Problem to solve
If a line of the records holds the word "snow", copy it out.

Information provided

————

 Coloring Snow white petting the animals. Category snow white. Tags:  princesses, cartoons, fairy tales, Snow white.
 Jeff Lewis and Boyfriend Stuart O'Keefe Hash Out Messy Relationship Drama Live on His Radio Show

————

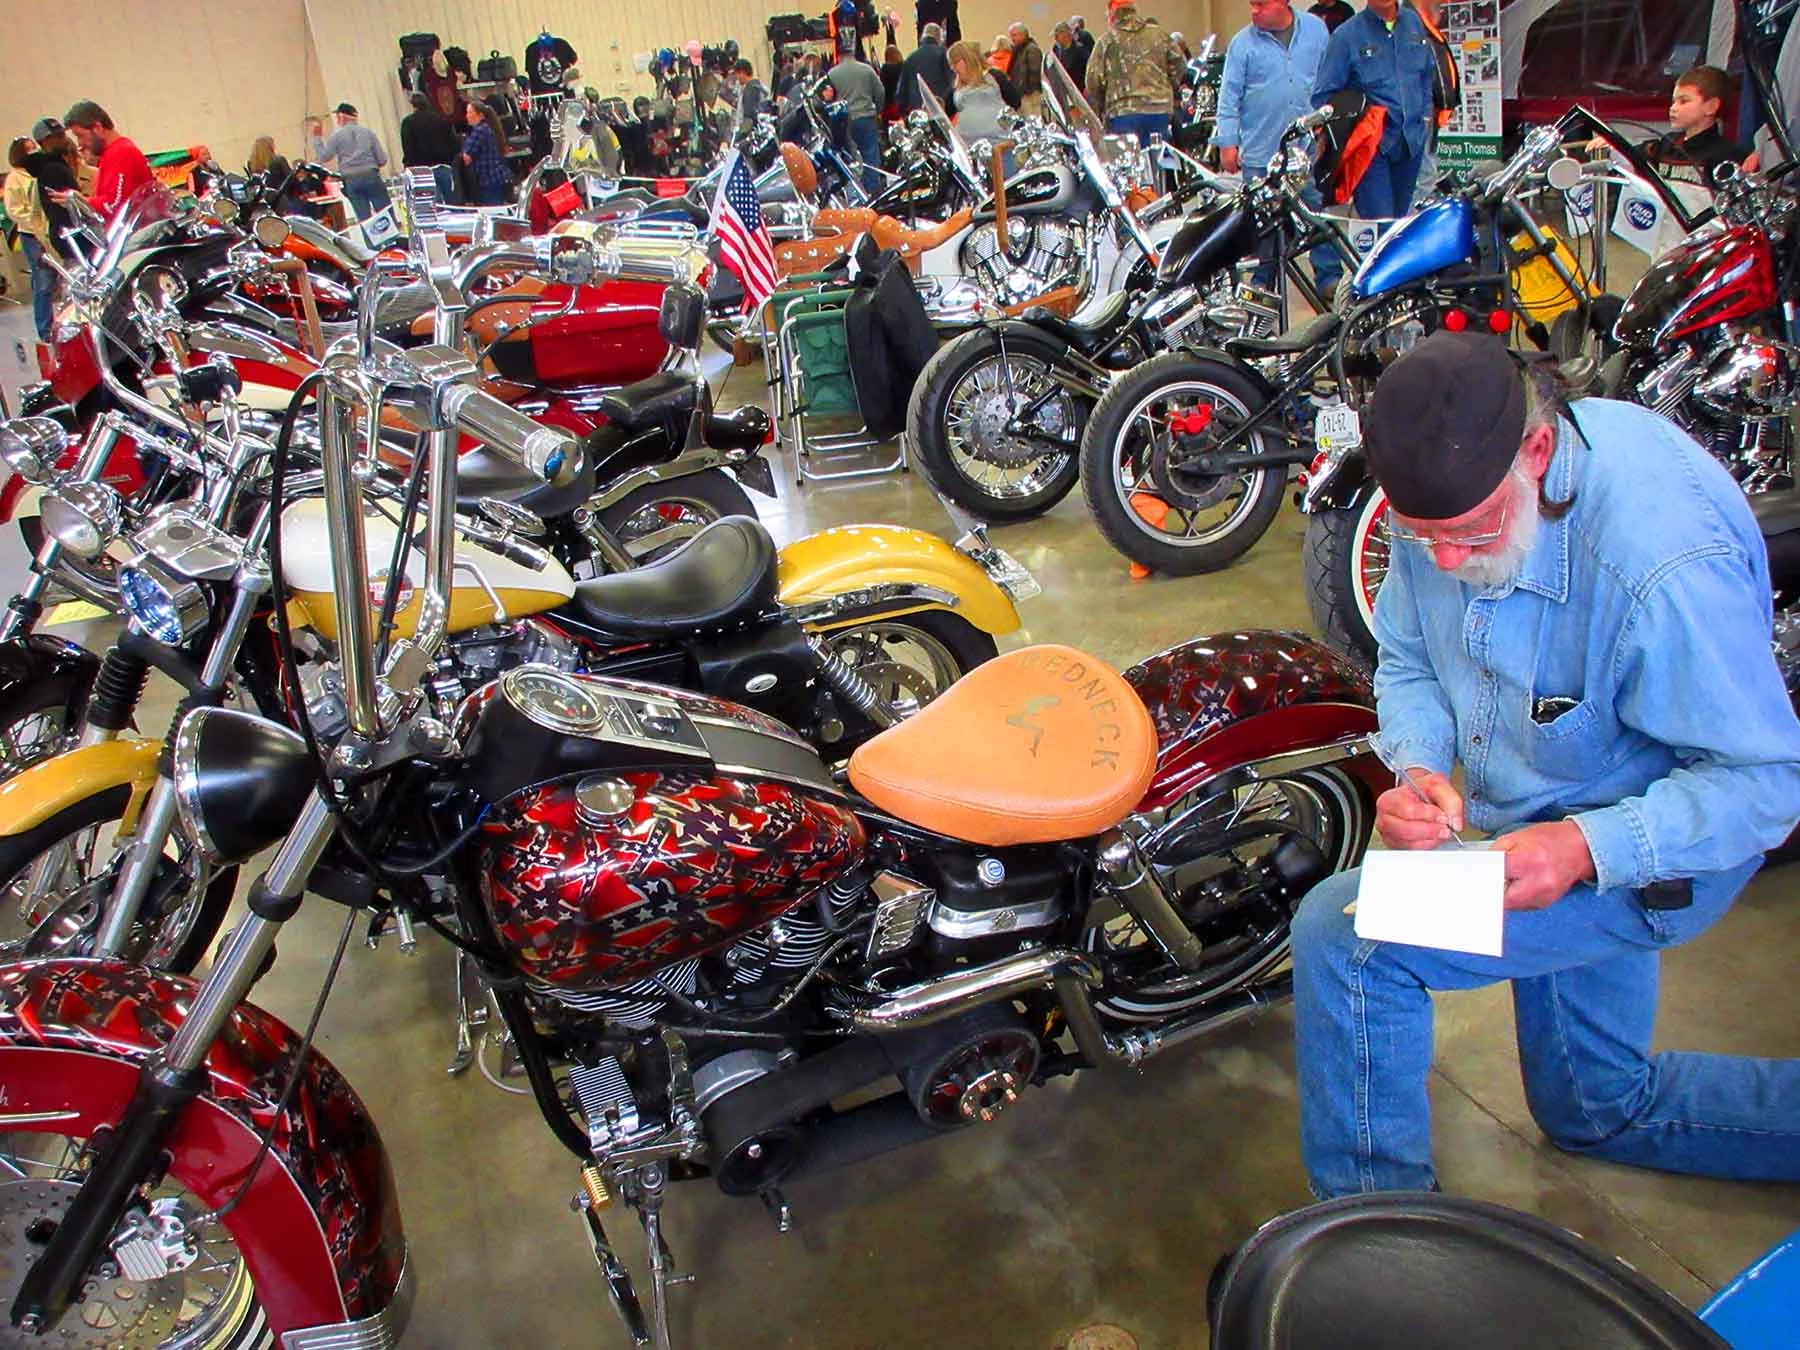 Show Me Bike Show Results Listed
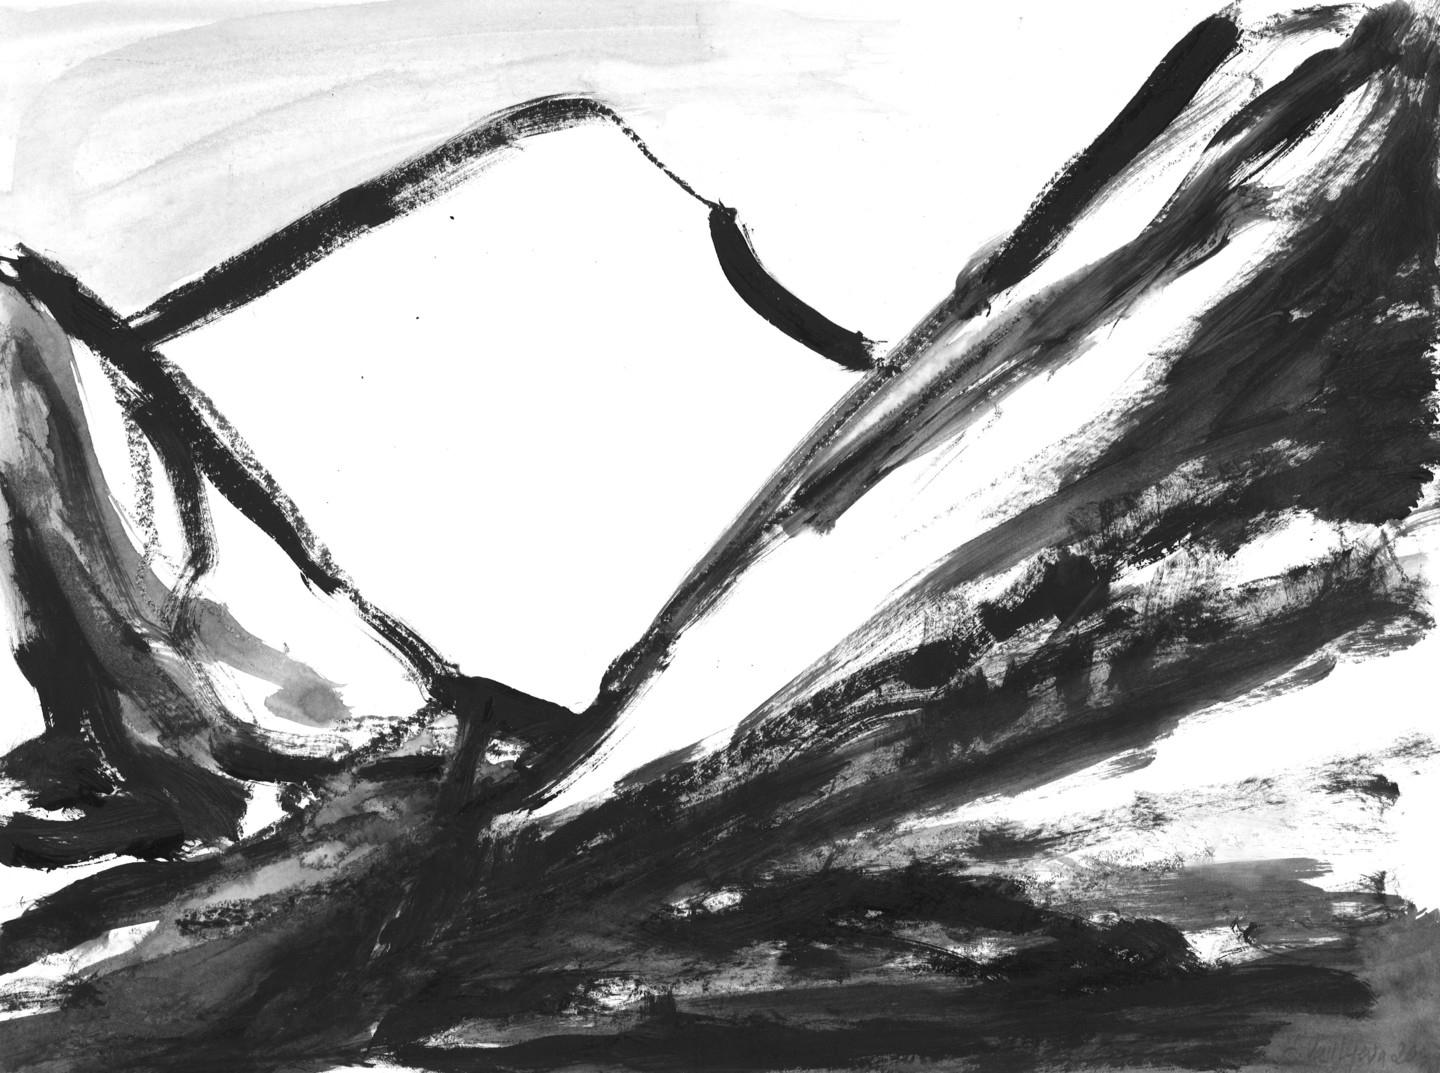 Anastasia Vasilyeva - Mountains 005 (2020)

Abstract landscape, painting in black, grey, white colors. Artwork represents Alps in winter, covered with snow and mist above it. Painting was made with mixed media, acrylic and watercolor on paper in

————

Output
 Coloring Snow white petting the animals. Category snow white. Tags:  princesses, cartoons, fairy tales, Snow white.
Abstract landscape, painting in black, grey, white colors. Artwork represents Alps in winter, covered with snow and mist above it. Painting was made with mixed media, acrylic and watercolor on paper in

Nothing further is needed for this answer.